En 1977, le gouvernement fédéral a mis sur pied la Commission McDonald – une enquête sur ce qu’il a qualifié d’« agissements répréhensibles » de la GRC, se concentrant particulièrement sur le harcèlement de la gauche québécoise et révélant un certain nombre de tactiques criminelles employées par le Service de sécurité. Bien que cela ait mené à la dissolution du Service de sécurité, ce ne fut pas la fin du Programme sur l’extrémisme autochtone, ni de la guerre menée par l’État canadien contre les Autochtones.

Avec la création du Service canadien du renseignement de sécurité (SCRS) en 1984, le Programme sur l’extrémisme autochtone s’est trouvé un nouveau foyer. En collaboration avec la police montée, le SCRS a poursuivi le programme jusque dans les années 1990. Plus récemment, ils ont abandonné l’ancienne appellation, mais la surveillance systématique des groupes autochtones et les assauts militarisés contre les manifestations et les blocages se poursuivent. La campagne de plusieurs années contre les défenseurs du territoire Wet’suwet’en a d’ailleurs donné lieu à de violentes interventions armées ainsi qu’à une surveillance intrusive.

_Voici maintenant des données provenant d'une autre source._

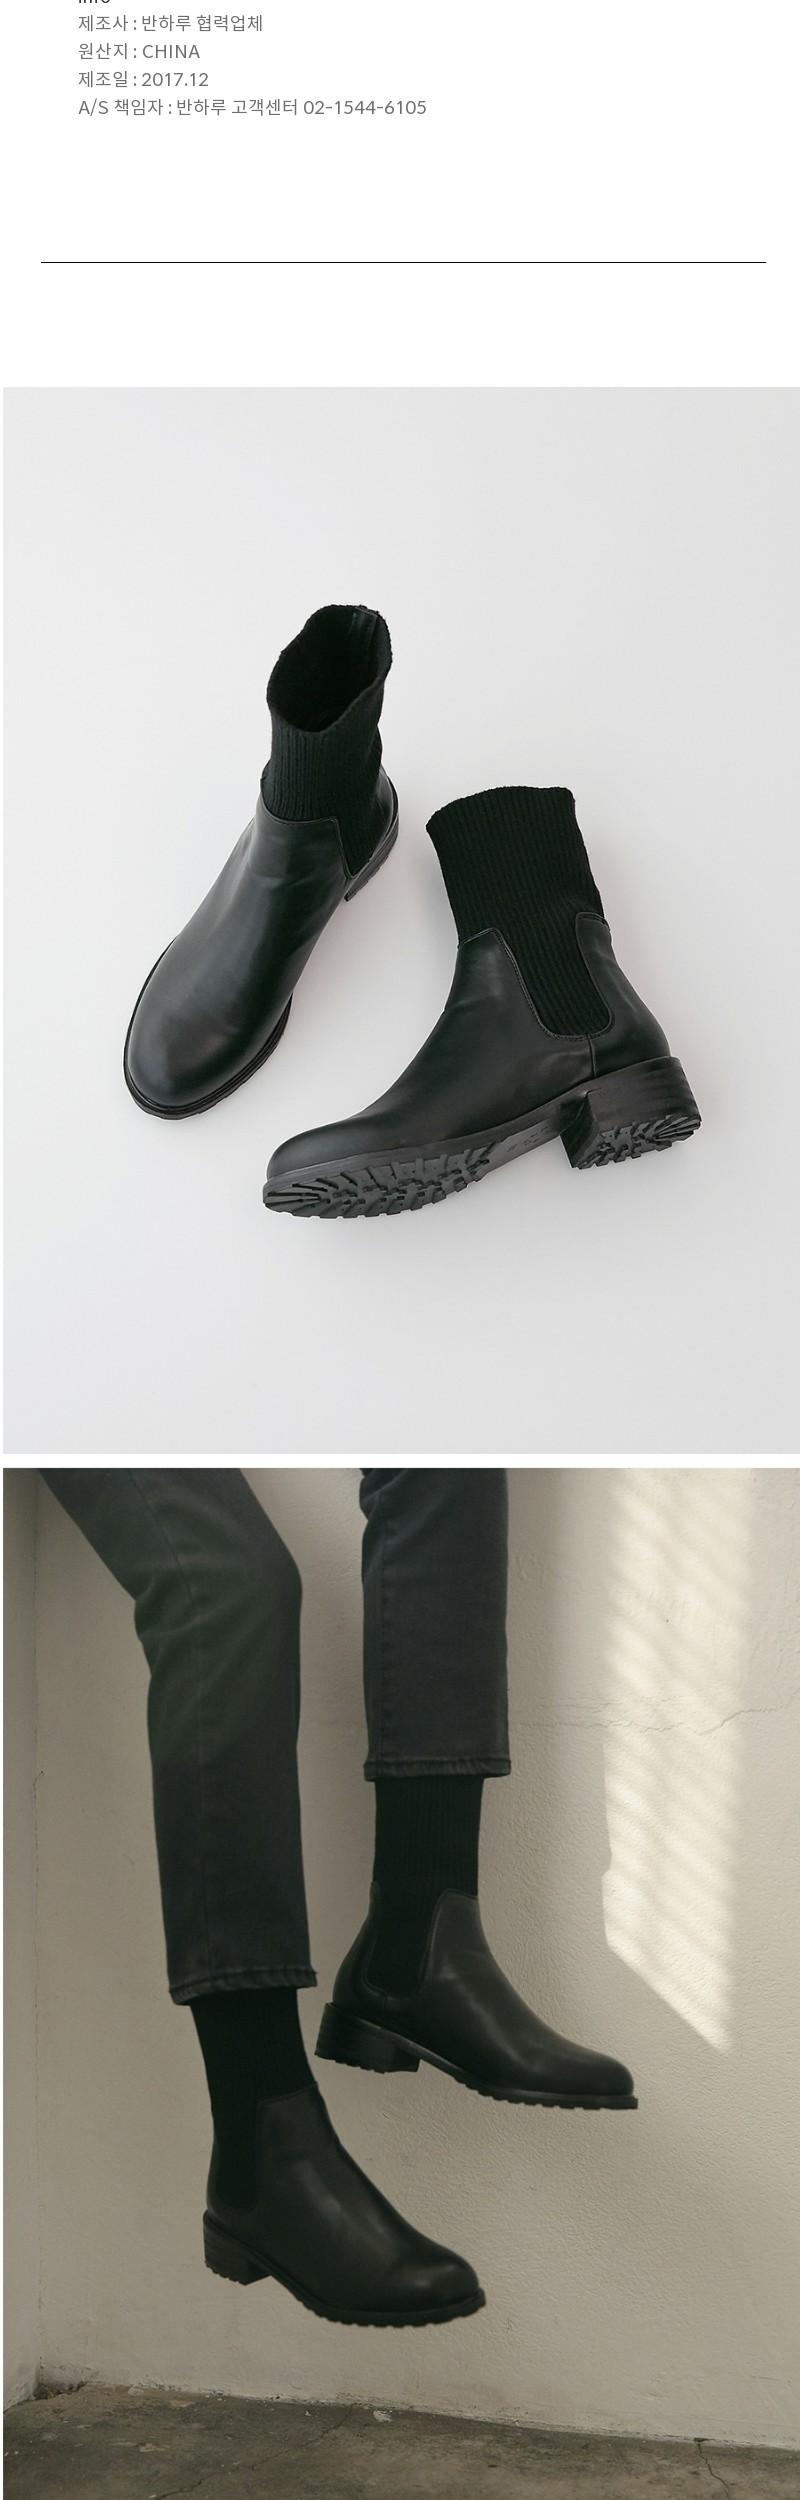 ankle golgi walker

Tant que le capitalisme canadien existera, l’État demeurera méfiant à l’égard des peuples autochtones. Leurs terres et leurs droits constituent un obstacle aux profits des barons du pétrole et des banquiers – et l’État, en dernière analyse, n’est qu’un instrument entre les mains de ces derniers.Le capitalisme canadien étant désormais dans l’eau chaude, le gouvernement du premier ministre Mark Carney a clairement indiqué qu’il souhaitait accélérer les grands projets et qu’il était prêt à contourner la réglementation environnementale. Les libéraux ont également augmenté récemment le budget de la GRC. Il est évident que l’État canadien s’apprête à utiliser tous les moyens à sa disposition pour écraser ceux qui se dressent sur son chemin. Les peuples autochtones risquent de se retrouver une fois de plus dans la ligne de mire de l’État. Ce qu’il faut plus que jamais, c’est un mouvement uni et combatif de la classe ouvrière, des opprimés et des communautés autochtones pour renverser ce système pourri. Lorsqu’un tel mouvement émergera, aucun espionnage, aucune infiltration ni aucun harcèlement ne pourra l’arrêter.